A importância da desmaterialização dos actos e assinatura electrónica no contexto pandémico

  • Raquel Ferreira
  • 28 Dezembro 2020

De facto, o reduzido controlo que muitos utilizadores têm sobre as ferramentas digitais, poderá significar um maior risco de fraude.

Numa altura em que são impostas medidas de distanciamento social, surgem novas formas de lidar com as formalidades do dia-a-dia e assistimos a um crescimento da utilização dos meios digitais, seja pela necessidade de manter os negócios em curso, seja pela praticidade destas soluções.

No que concerne à actividade imobiliária, tornou-se premente a adopção de soluções de celebração de contratos à distância, que permitisse a continuidade de formalização de negócios. É neste contexto de necessidade da transformação digital que a assinatura electrónica assume especial relevo. Esta corresponde a um instrumento digital para subscrever, de forma válida e segura, documentos electrónicos à distância, cumpridos determinados pressupostos para garantia da sua autenticidade e segurança.

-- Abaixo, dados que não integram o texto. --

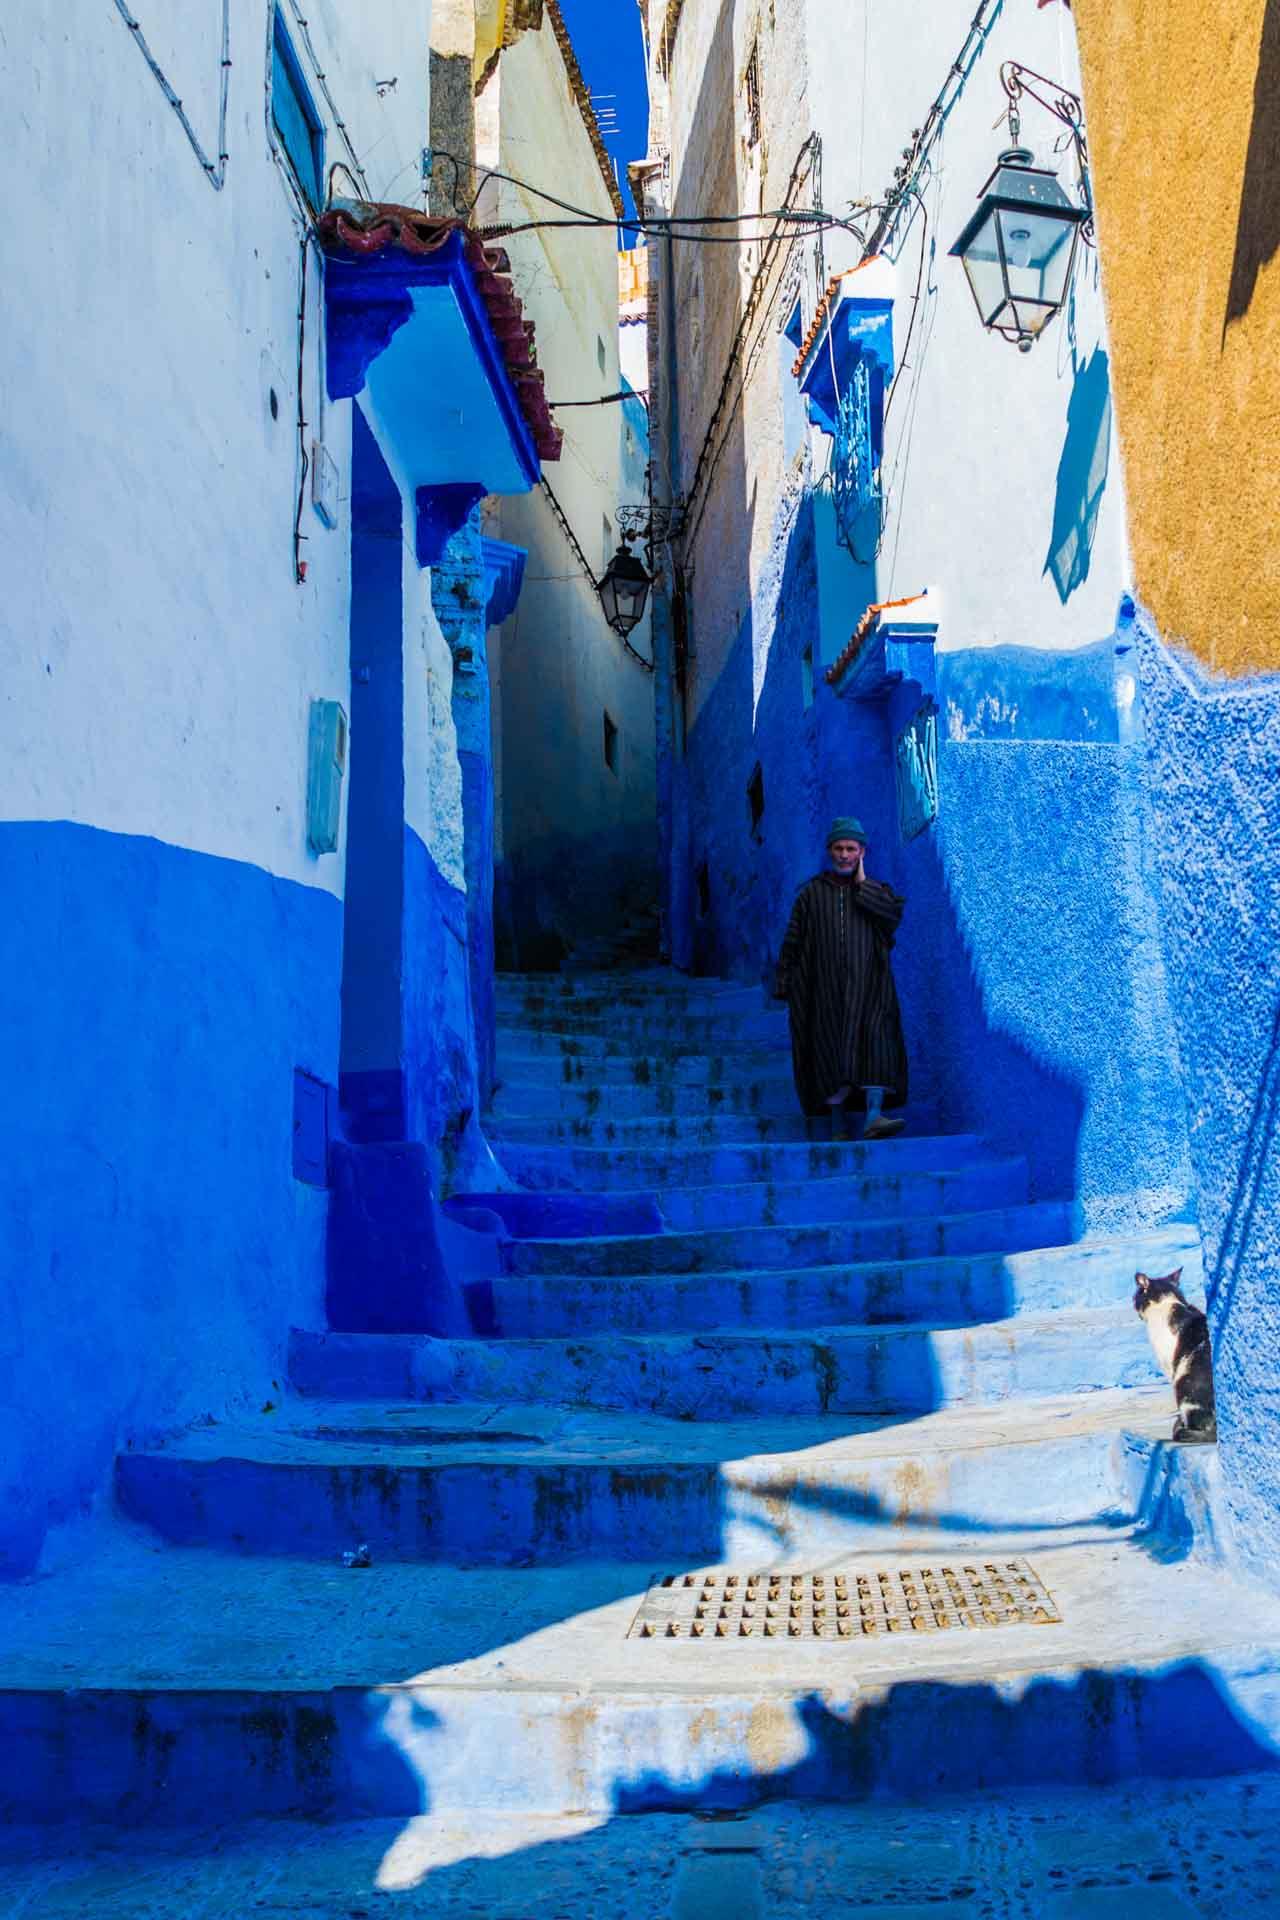 Morocco Chefchaouen blue stairs, morocco, chefchaouen, , pescart, photo blog, travel blog, blog, photo travel blog, enrico pescantini, pescantini

Existem três tipos: a simples, a avançada e a qualificada. A assinatura electrónica simples normalmente é a utilizada em processos de aceitação online, feita através de um simples “clique”; a assinatura electrónica avançada já identifica o seu titular como autor, permitindo detectar qualquer alteração ao conteúdo de um documento assinado; Finalmente, a assinatura electrónica qualificada reúne todas estas características sendo gerada através de um dispositivo seguro de criação de assinatura certificado por uma entidade devidamente credenciada.

Parece-me que sempre que legalmente for exigida a aposição de uma assinatura autógrafa a um documento, será necessária a aposição de uma assinatura electrónica qualificada, de forma a garantir a validade da mesma. Assim, a título de exemplo, face à legislação em vigor, a assinatura de um contrato de mediação imobiliária deverá necessariamente ser concretizada através da assinatura electrónica qualificada.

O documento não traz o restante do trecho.